The correct option is the last one: It is impossible to say without more information.  My goal here was for students to understand that players’ heights vary on both teams, so we cannot state any conclusions about how the averages would change without knowing more about the heights of the individual players who changed teams. 

3. San Diego State’s admission rate for Fall 2019 was 34.13%, compared to 28.42% for Cal Poly – SLO’s.  Determine the percentage difference between these admission rates.  In other words, San Diego State’s admission rate was higher than Cal Poly – SLO’s by ___ %.  Enter your answer as a number, with two decimal places of accuracy.  Do not enter the % symbol.

As I mentioned throughout post #28 (A pervasive pet peeve, here), I emphasize how a difference in proportions is not equivalent to a percentage difference.  This question assessed whether students took my emphasis to heart.  Each student answered one of four versions of this question, with different campuses being compared.  I obtained the data on admission rates from the dashboard here.

4. A series of questions referred to the following graph from a recent Gallup study (here):

The most challenging question in this series was a very basic one: How many variables are represented in this graph?  The correct answer is 2, race and preference for how much time police spend in the area.  The other options that I presented were 1, 3, 4, and 12.

5. Another series of questions was based on this study (available here): Researchers surveyed 120 students at Saint Lawrence University, a liberal arts college with about 2500 students in upstate New York.  They asked students whether or not they have ever pulled an all-nighter (stayed up all night studying).  Researchers found that students who claimed to have never pulled an all-nighter had an average GPA (grade point average) of 3.1, compared to 2.9 for students who claimed to have pulled an all-nighter.  Some basic questions included identifying the type of study, explanatory variable, and response variable.  These led to a question about whether a cause-and-effect conclusion can legitimately be drawn from this study, with a follow-up free-response question* asking students to explain why or why not.

* Oh dear, I just reminded myself of the grading that I still need to do.  This procrastination step is fun but not entirely guilt-free.

Some other free-response questions waiting for me to grade asked students to:

6. Create a hypothetical example in which IQR = 0 and the mean is greater than the median.  I think this kind of question works well on an online exam.  Different students should give different responses, so I hope this question encourages independent thinking and discourages cheating.  (See post #31, Create your own example, part 1, here, for many more questions of this type.)

7. Write a paragraph comparing and contrasting the distribution of money winnings in 2019 on three professional golf tours – men’s, women’s, and senior men’s, as displayed in the boxplots:

I am looking for students to compare center, variability, and shape across the three distributions.  They should also comment on outliers and relate their comments to the context.

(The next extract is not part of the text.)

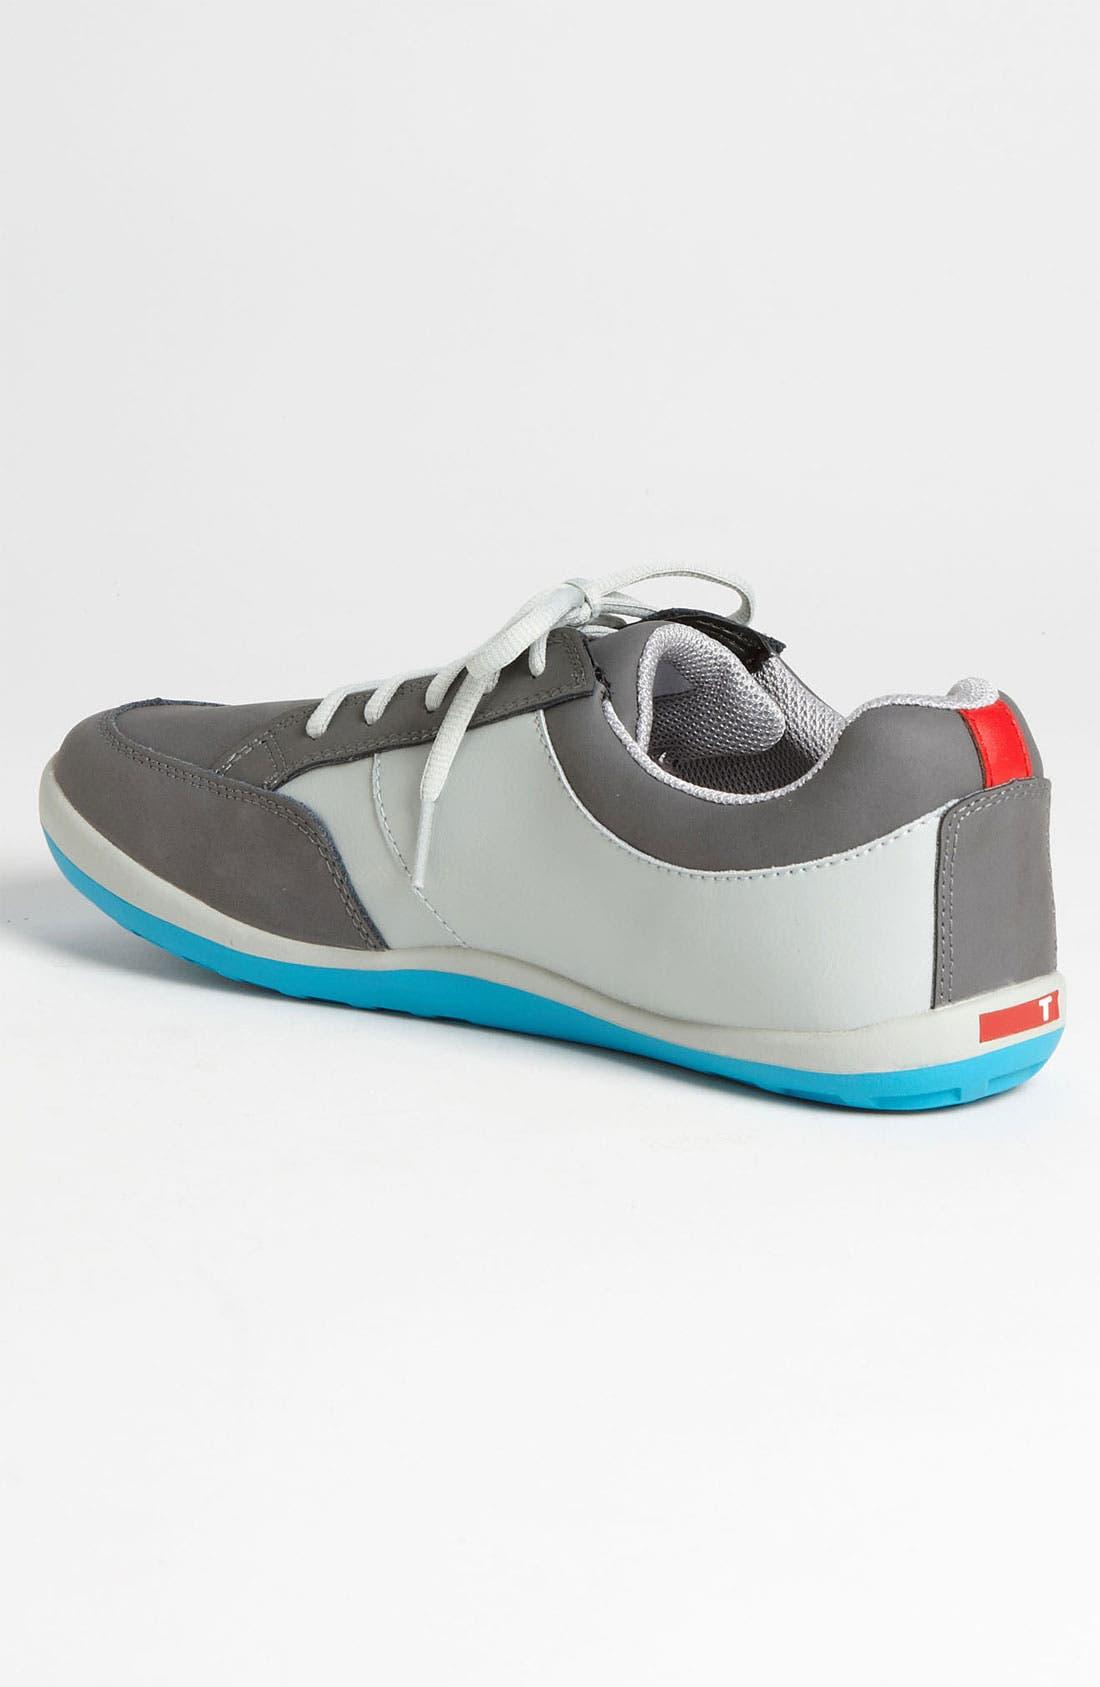 Alternate Image 2  - TRUE linkswear 'TRUE phx' Golf Shoe (Men)

8. Describe and explain the oddity concerning which hospital performed better, in terms of patients experiencing a complete recovery, for the data shown in the following tables of counts:

I expect this to be one of the more challenging questions on the exam.  Students need to calculate correct proportions, comment on the oddity that Hospital A does worse overall despite doing better for each condition, and explain that Hospital A sees most of the patients in poor condition, who are less likely to experience a full recovery than those in fair condition.

Writing my exam questions in Canvas, and preparing several versions for many questions, took considerably more time than my exam writing in the past.  But of course Canvas has already saved me some time by auto-grading many of the questions.  I should also be pleased that Canvas will also add up students’ scores for me, but I always enjoyed that aspect of grading, largely because it was the last part and provided a sense of completion and accomplishment.

Hmm, I probably should not be imagining an upcoming sense of completion and accomplishment while I am still happily immersed in the procrastination step of the exam-grading process.  I must grudgingly accept that it’s time for me to proceed to step two.  If only I could remember what the second step is …

#65 Matching variables to graphs

On Friday of last week I asked my students to engage with an activity in which I presented them with these seven graphs:

I’m sure you’ve noticed that these graphs include no labels or scales on the axes.  But you can still discern some things about these seven distributions even without that crucial information.  I told my students the seven variables whose distributions are displayed in these graphs:

  • (A) point values of letters in the board game Scrabble
  • (B) prices of properties on the Monopoly game board
  • (C) jersey numbers of Cal Poly football players
  • (D) weights of rowers on the U.S. men’s Olympic team
  • (E) blood pressure measurements for a sample of healthy adults
  • (F) quiz percentages for a class of students (quizzes were quite straight-forward)
  • (G) annual snowfall amounts for a sample of cities taken from around the U.S.

But I did not tell students which variable goes with which graph.  Instead I asked them to work in groups* with these instructions: Make educated guesses for which variable goes with which graph.  Be prepared to explain the reasoning behind your selections.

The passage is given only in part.